In 1994 Marvel (no doubt hoping to cash in on the movie) launched a new animated Fantastic Four. As half of the “Marvel Action Hour” (alongside “Iron Man”), this cartoon was most like the 1967 series in that it stuck pretty closely to the source material. Utilizing many Marvel supporting characters such as the Silver Surfer, the Sub-Mariner, Galactus and the Inhumans, the show lasted two seasons and has just been released as a DVD box set.
There are certain elements of every comic superhero, of course, that strain credibility when translated to live action. Sam Raimi realized that audiences, while accepting the idea of a man given the powers of a genetically altered super-spider, would still find it hard to believe that a high school student could create a super-strong, tensile, sticky web solution, so for his big-budget “Spider-Man” (2002), Raimi made web-shooting one of Peter Parker’s newfound organic abilities. And the lore of the Fantastic Four contains more than a few ridiculous elements. There’s the idea of unqualified, amateur astronauts making a trek into space; Dr. Doom’s Transylvania-like home of Latveria; the soap-operatic, communal living style of the group (picture “The Real World” with superheroes); and one really silly power in Mr. Fantastic’s super-elasticity. (After all, Plastic Man was played for laughs.)
Some fanboys are nervous about the fact that every director who’s been attached to this project has a comedy background. Originally, Chris Columbus (“Home Alone”) was slated to direct. Then Peyton Reed (“Down With Love”) planned to make “Fantastic Four” as a tongue-in-cheek retro piece. And Tim Story, the man who finally brought them to the big screen, is best known for 2002’s “Barbershop.”
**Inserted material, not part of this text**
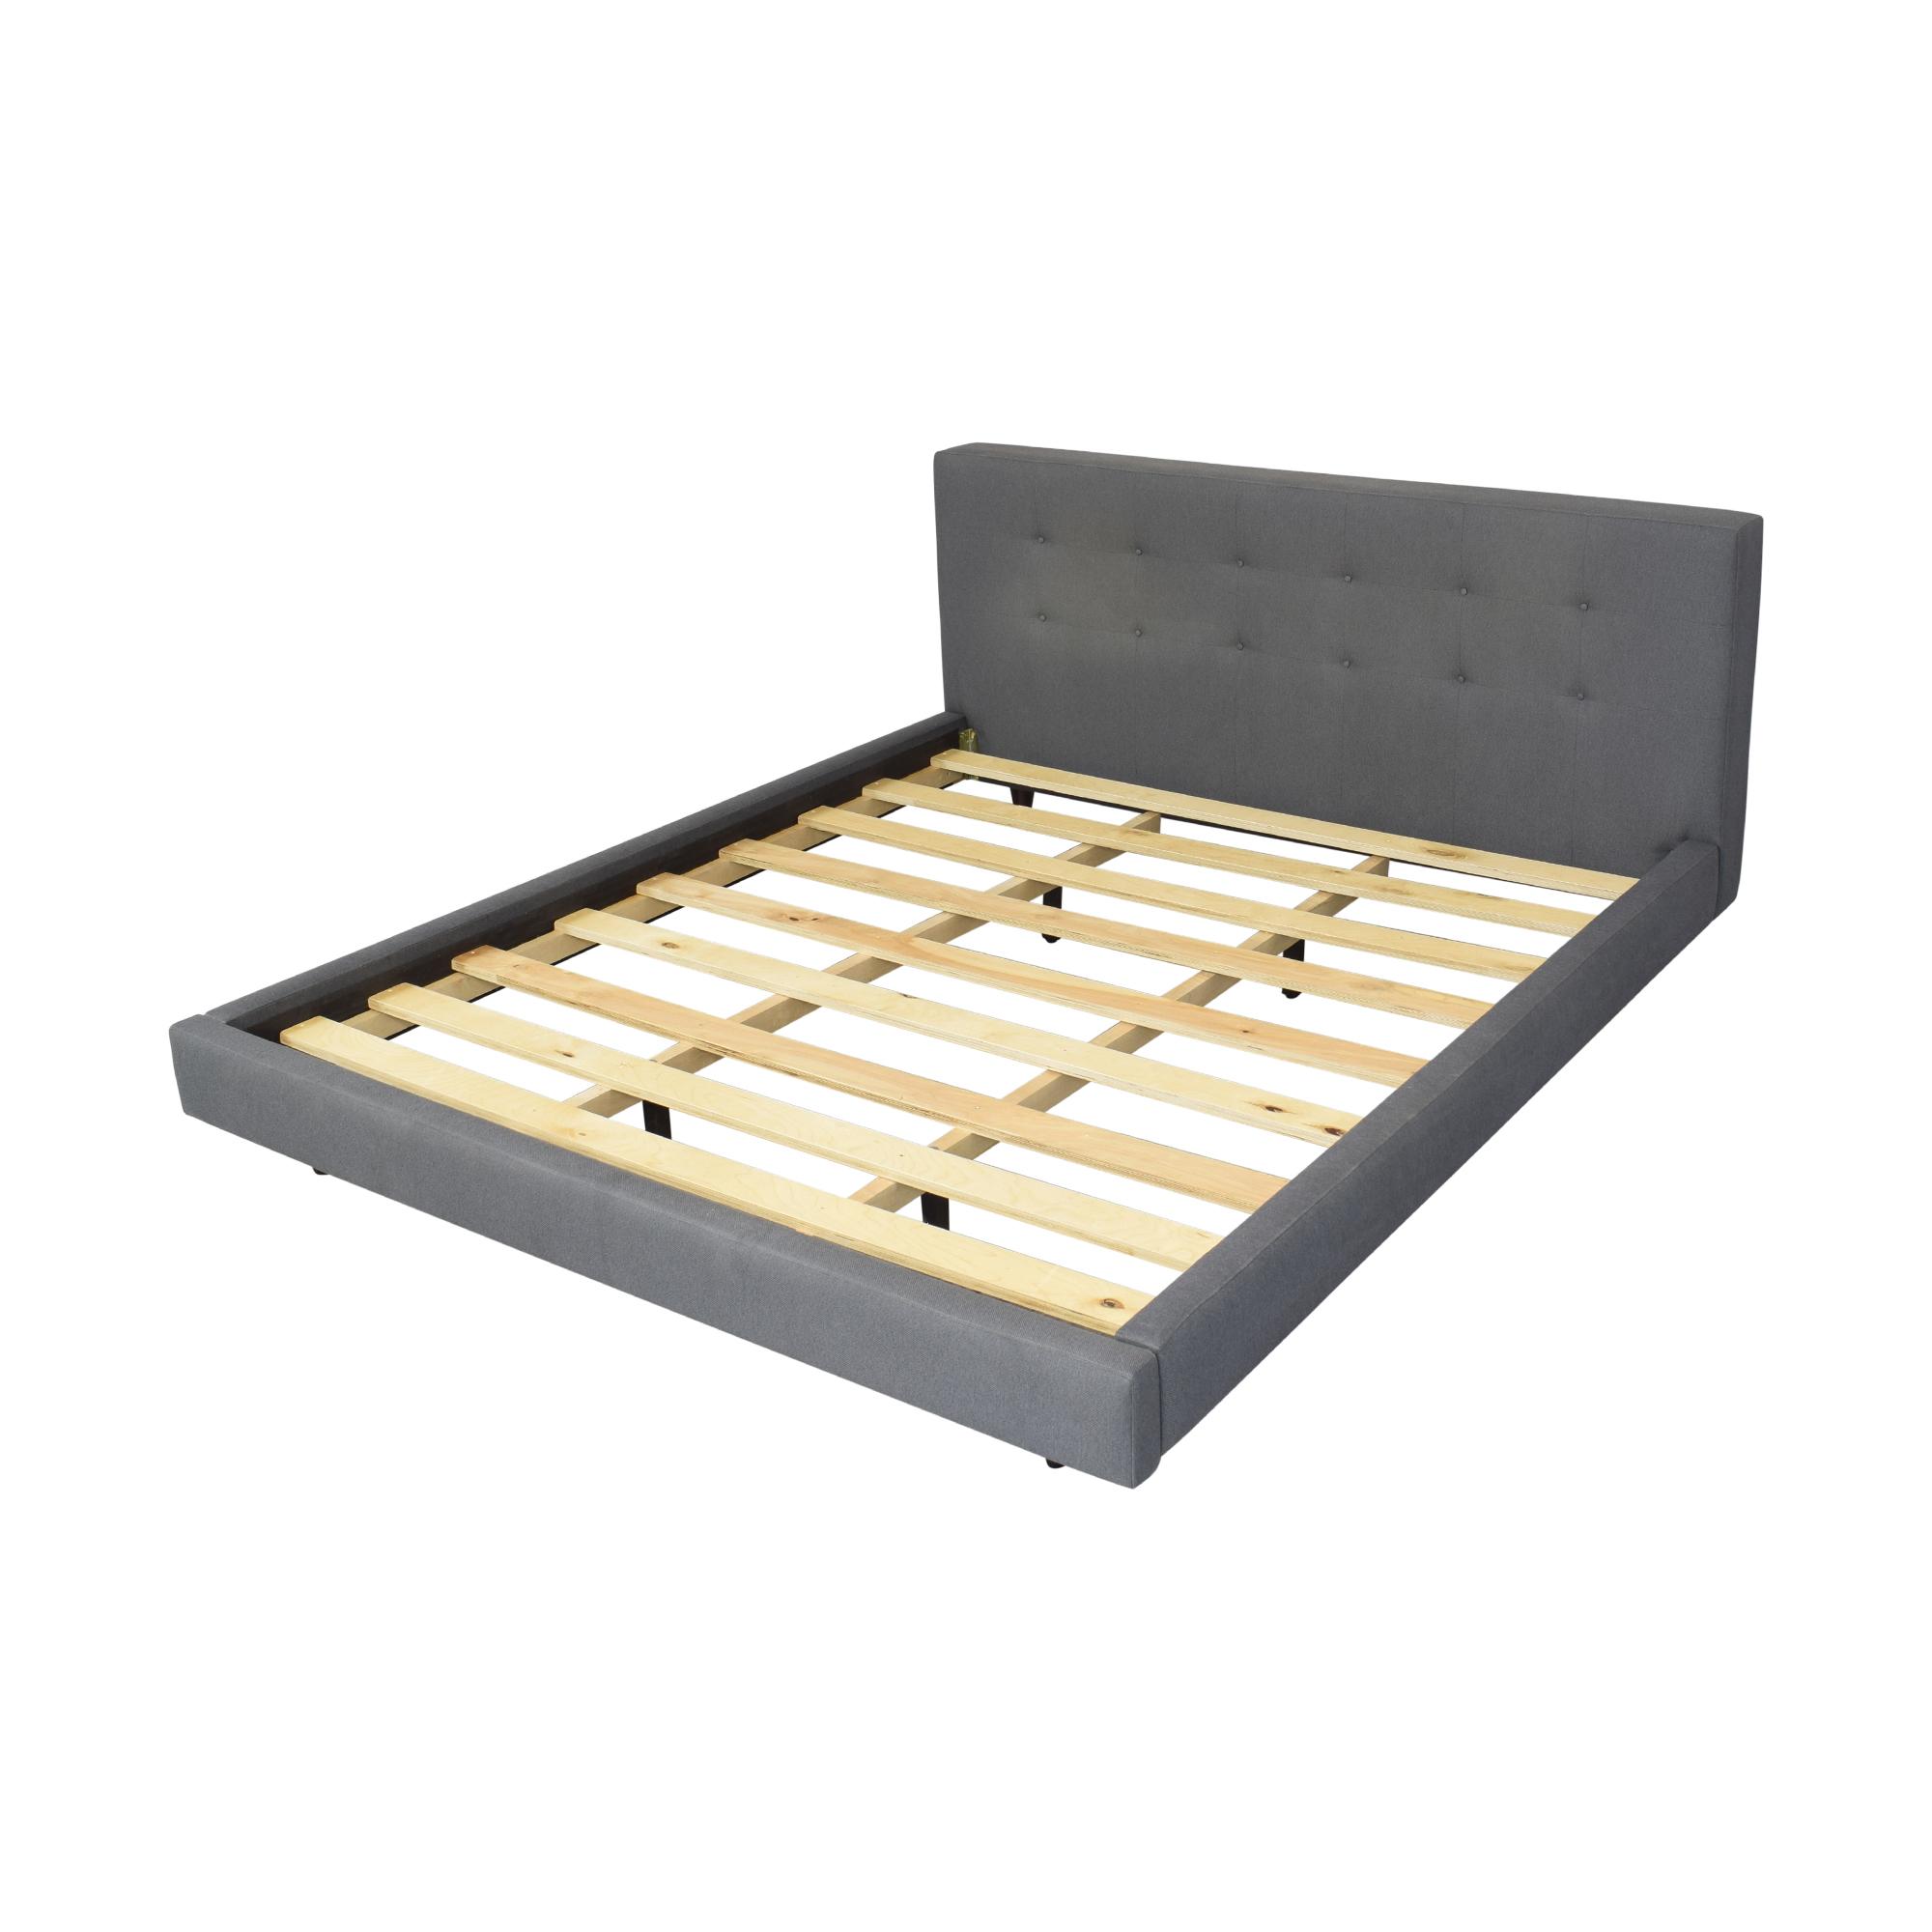 shop Crate & Barrel Crate & Barrel Tate California King Upholstered Bed online

But maybe the idea of a comedic take on the Fantastic Four wasn’t such a bad idea. As superhero movies continue to propagate, audiences will inevitably get tired of overblown, too-serious interpretations of what originated as disposable children’s entertainment. Filmmaking technology might have finally evolved to the point where the Fantastic Four can look good onscreen. But even in this alleged golden age of superhero movies, asking the general public to take the F4 seriously might still be a bit of a stretch. A fiery, rocky, invisible stretch.